The impact of the recent production hiccups within the bloc and traditional restocking activity may push prices upwards from February at the earliest, most players argued. Plus, a stronger dollar and rising freight rates made imports more expensive for European buyers, resulting in parity with the local market and curbing interest for imports. These factors will probably provide suppliers with the leverage to recover their squeezed margins to some extent.
A source from a producer opined, “We anticipate a rebound in the EU demand starting in April-May, driven by more stable financial conditions and improved market confidence.”
Margins bite, and it is now a big deal in Europe
Producers have been lamenting razor-thin or even negative margins for the past two years, following the collapse of the pandemic-driven economic bubble.
.png)
Buckle up for more plant closures
The imbalance between supply and demand is here to stay in the foreseeable future, as global overcapacity is unlikely to align with demand growth, especially since global economies are not out of the woods yet. In a bid to alleviate the pressure from prolonged supply imbalances, regional producers are likely to continue operating at lower rates, particularly given the high production costs and aging petrochemical plants in Europe, eating into producers’ profit margins.
As the continent becomes increasingly reliant on imports, regional sellers face growing difficulties in competing with cheaper imported goods, forcing them to cut production or announce broader restructuring plans.
In 2024, SABIC Europe shut its Olefins 3 cracker following a turnaround ending by mid-July. While ExxonMobil will close Gravenchon cracker and polyolefin units at the end of 2024, the company will also downsize its LDPE plant in Belgium by early next year. LyondellBasell shuttered its Brindisi PP plant by early this year due to the challenging market conditions.

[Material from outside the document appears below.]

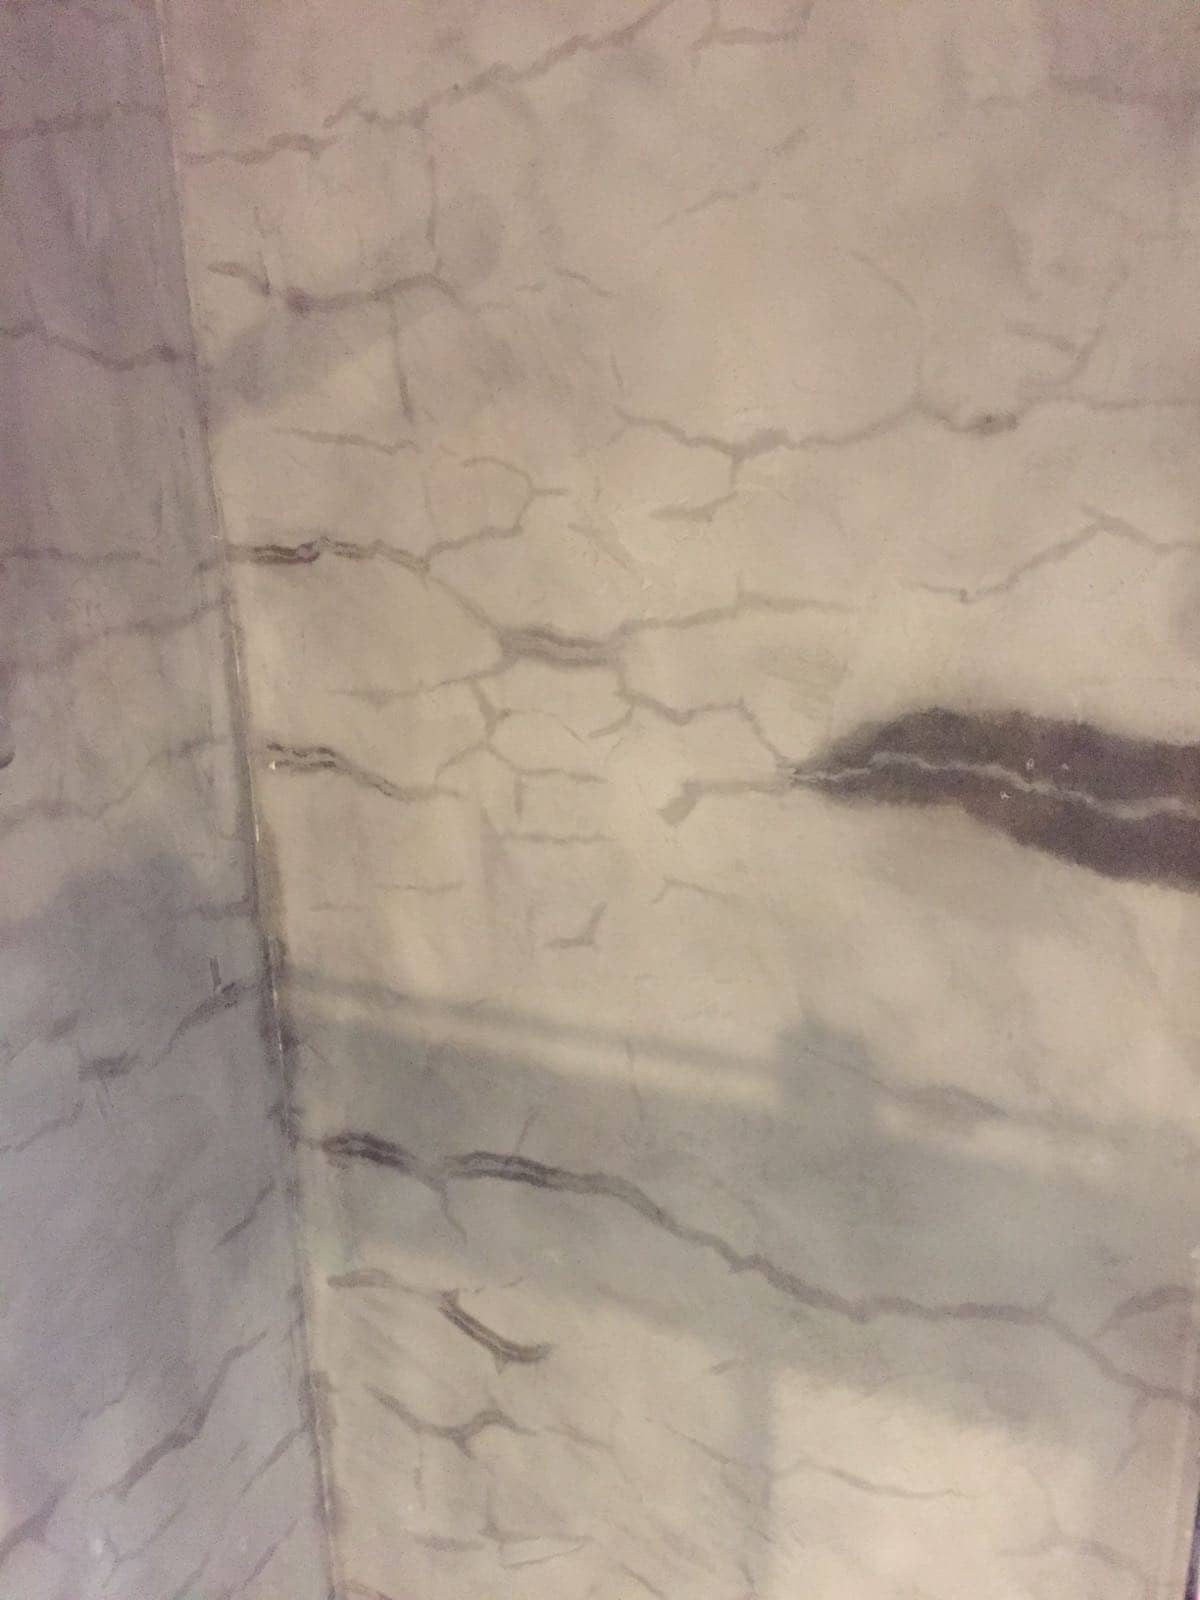 Microcement and humidity on the shower wall

LyondellBasell, BASF, Versalis, Orlen are among the producers, who revealed strategic reviews on their assets.
The challenging landscape, characterized by high operational costs, strict regulatory environments, and heating global competition, prompts more plant closures and restructuring plans. Recurring freight crises are only delaying the inevitable as the industry nears a structural and irreversible revolution.

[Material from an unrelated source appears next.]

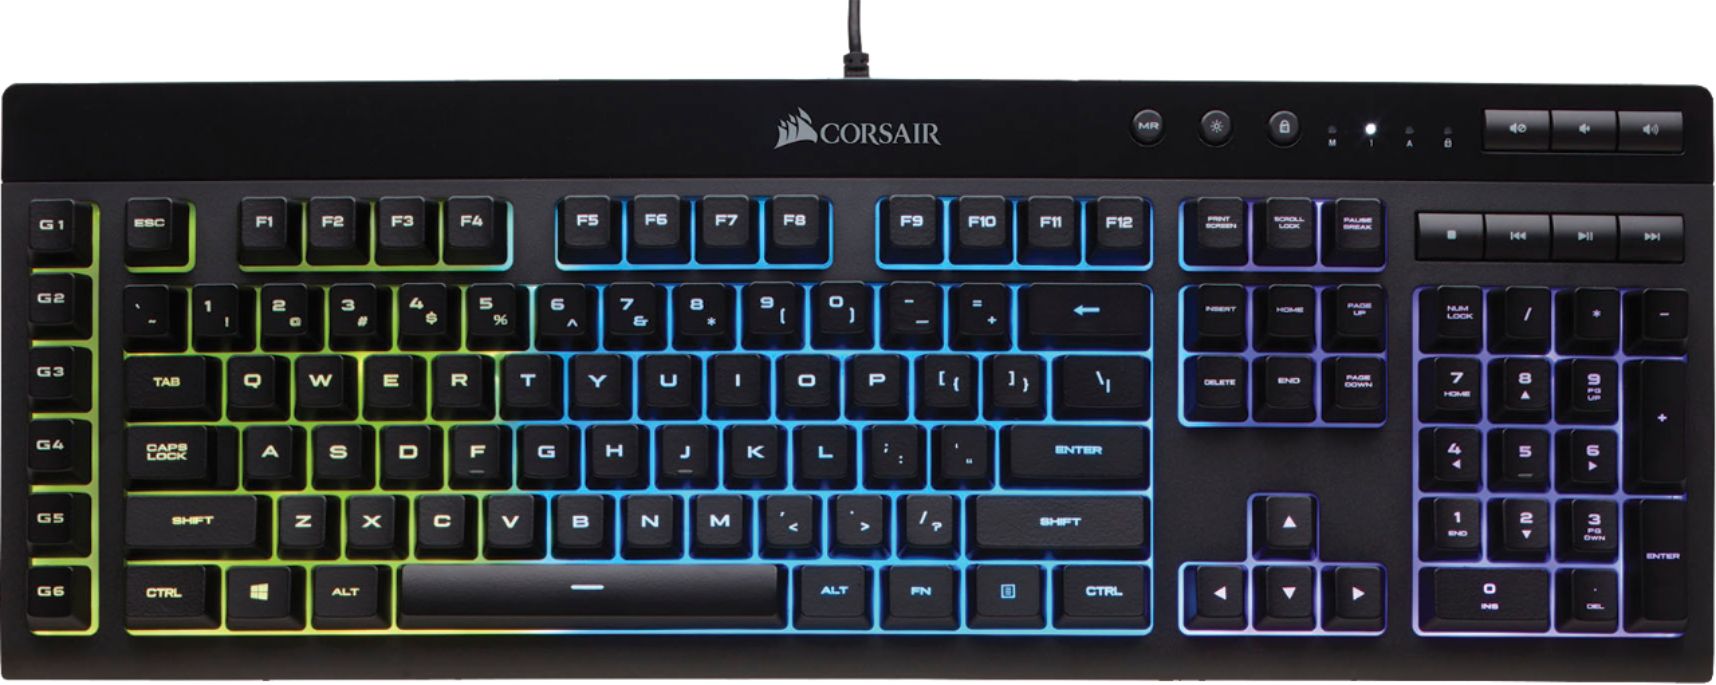 Left View: CORSAIR - Refurbished K55 Full-size Wired Membrane Gaming Keyboard with RGB Backlighting

A major market participant said, “As an integrated producer, we have the flexibility to absorb short-term losses in our polymer segment, thanks to the offsetting gains in other areas of our business. Looking ahead to 2025, we are strategically planning a capacity expansion, capitalizing on the opportunity to ramp up production on our underutilized monomer lines. This will enable us to boost sales volumes, supported by our strong integrated margins. In contrast, non-integrated producers are facing significant headwinds, with negative margins that leave them with few viable options. Many will be forced to shutter their plants if they continue to outsource monomers, as the cost dynamics remain unsustainable.”
Regarding growing imports in Europe, a market source also opined, “We are observing a shift in buyer behavior. Once cautious, customers are now increasingly willing to source imported PP and PE from the US and the Middle East, reflecting a broader market shift.”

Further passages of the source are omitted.